Page 138: Two other functions of the DPE would be to aid Congress in developing legislation relating to population and environment, and to inform the public of the needs for such legislation. Some of these needs are already apparent. We need a federal law guaranteeing the right of any woman to have an abortion if it is approved by a physician. We need federal legislation guaranteeing the right to voluntary sterilization for both sexes and protecting physicians who perform such operations from legal harassment. We need a federal law requiring sex education in schools — sex education that includes discussion of the need for regulating the birth rate and of the techniques of birth control.
Page 141: If we take the proper steps in education, legislation, and research, we should be able in a generation to have a population thoroughly enjoying its sexual activity, while raising smaller numbers of physically and mentally healthier children. The population should be relatively free of the horrors created today by divorce, illegal abortion, venereal disease, and the psychological pressures of a sexually repressive and repressed society.
Page 148: Biologists must point out that contraception is for many reasons more desirable than abortion. But they must also point out that in many cases abortion is much more desirable than childbirth. Above all, biologists must take the side of the hungry billions of living human beings today and tomorrow, not the side of potential human beings. Remember, unless numbers are limited, if those potential human beings are born, they will at best lead miserable lives and die young. We cannot permit the destruction of humanity to be abetted by a doctrine conceived in total ignorance of the biological facts of life.

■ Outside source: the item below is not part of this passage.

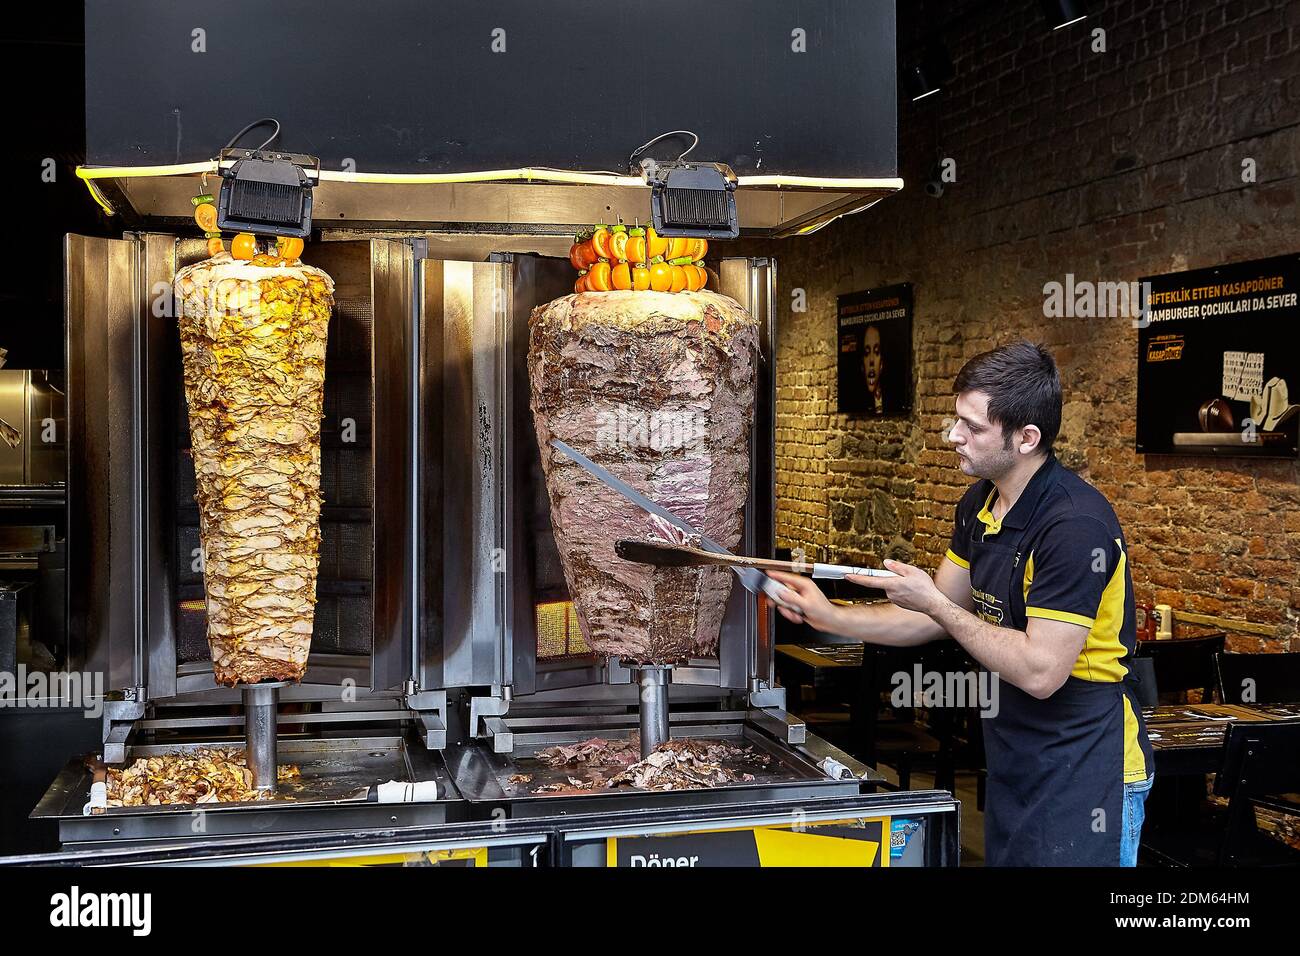 Istanbul, Turquie - 14 février 2020: Le vendeur de kebabs de doner le plat  contenant de la viande cuite sur une broche verticale Photo Stock - Alamy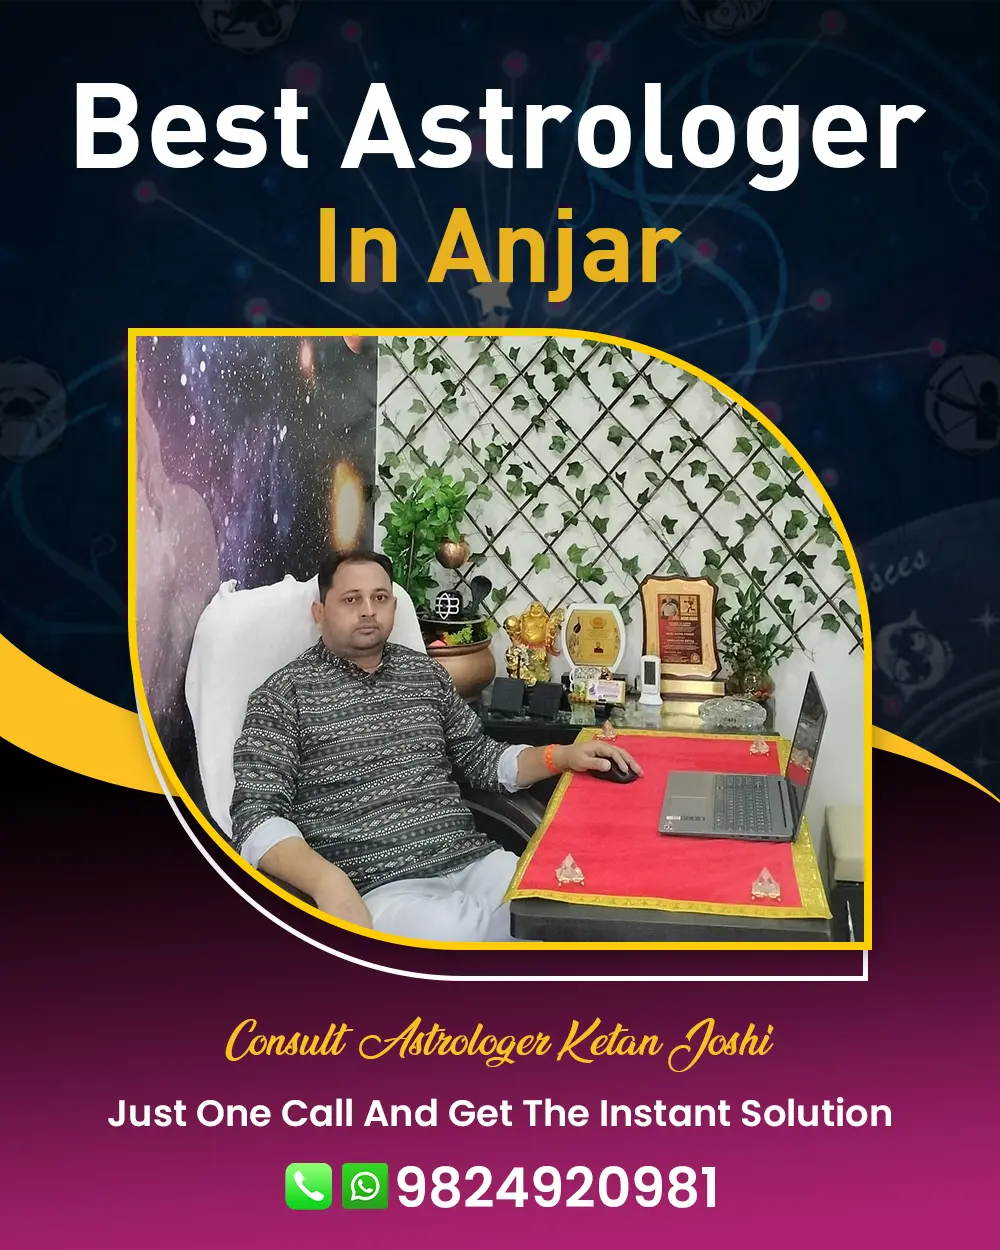 Best Astrologer In Anjar

In Ecoscience, published in 1977, Ehrlich invoked Roe to argue that the federal government could impose “compulsory abortion” to reduce the population:
Page 837: To date, there has been no serious attempt in Western countries to use laws to control excessive population growth, although there exists ample authority under which population growth could be regulated. For example, under the United States Constitution, effective population-control programs could be enacted under the clauses that empower Congress to appropriate funds to provide for the general welfare and to regulate commerce, or under the equal-protection clause of the Fourteenth Amendment. Such laws constitutionally could be very broad. Indeed, it has been concluded that compulsory population-control laws, even including laws requiring compulsory abortion, could be sustained under the existing Constitution if the population crisis became sufficiently severe to endanger the society.
Never forget that Roe v. Wade favorably cited Buck v. Bell, alongside Jacobson v. Massachusetts:
The privacy right involved, therefore, cannot be said to be absolute. In fact, it is not clear to us that the claim asserted by some amici that one has an unlimited right to do with one’s body as one pleases bears a close relationship to the right of privacy previously articulated in the Court’s decisions. The Court has refused to recognize an unlimited right of this kind in the past. Jacobson v. Massachusetts, 197 U. S. 11 (1905) (vaccination); Buck v. Bell, 274 U. S. 200 (1927) (sterilization).
Perhaps Justice Blackmun would have also supported the constitutionality of mandatory abortion if the state had a sufficiently compelling interest.
Roe v. Wade was an illegitimate decision on every conceivable ground. At some level, the Justices were motivated by the worst quack science in modern history, which led to oppressive family policies around the world. Indeed, at least part of the underpopulation problem we are facing can be traced directly to Ehrlich, Roe, and the five decade culture it spawned. Dobbs was right, just, and inevitable.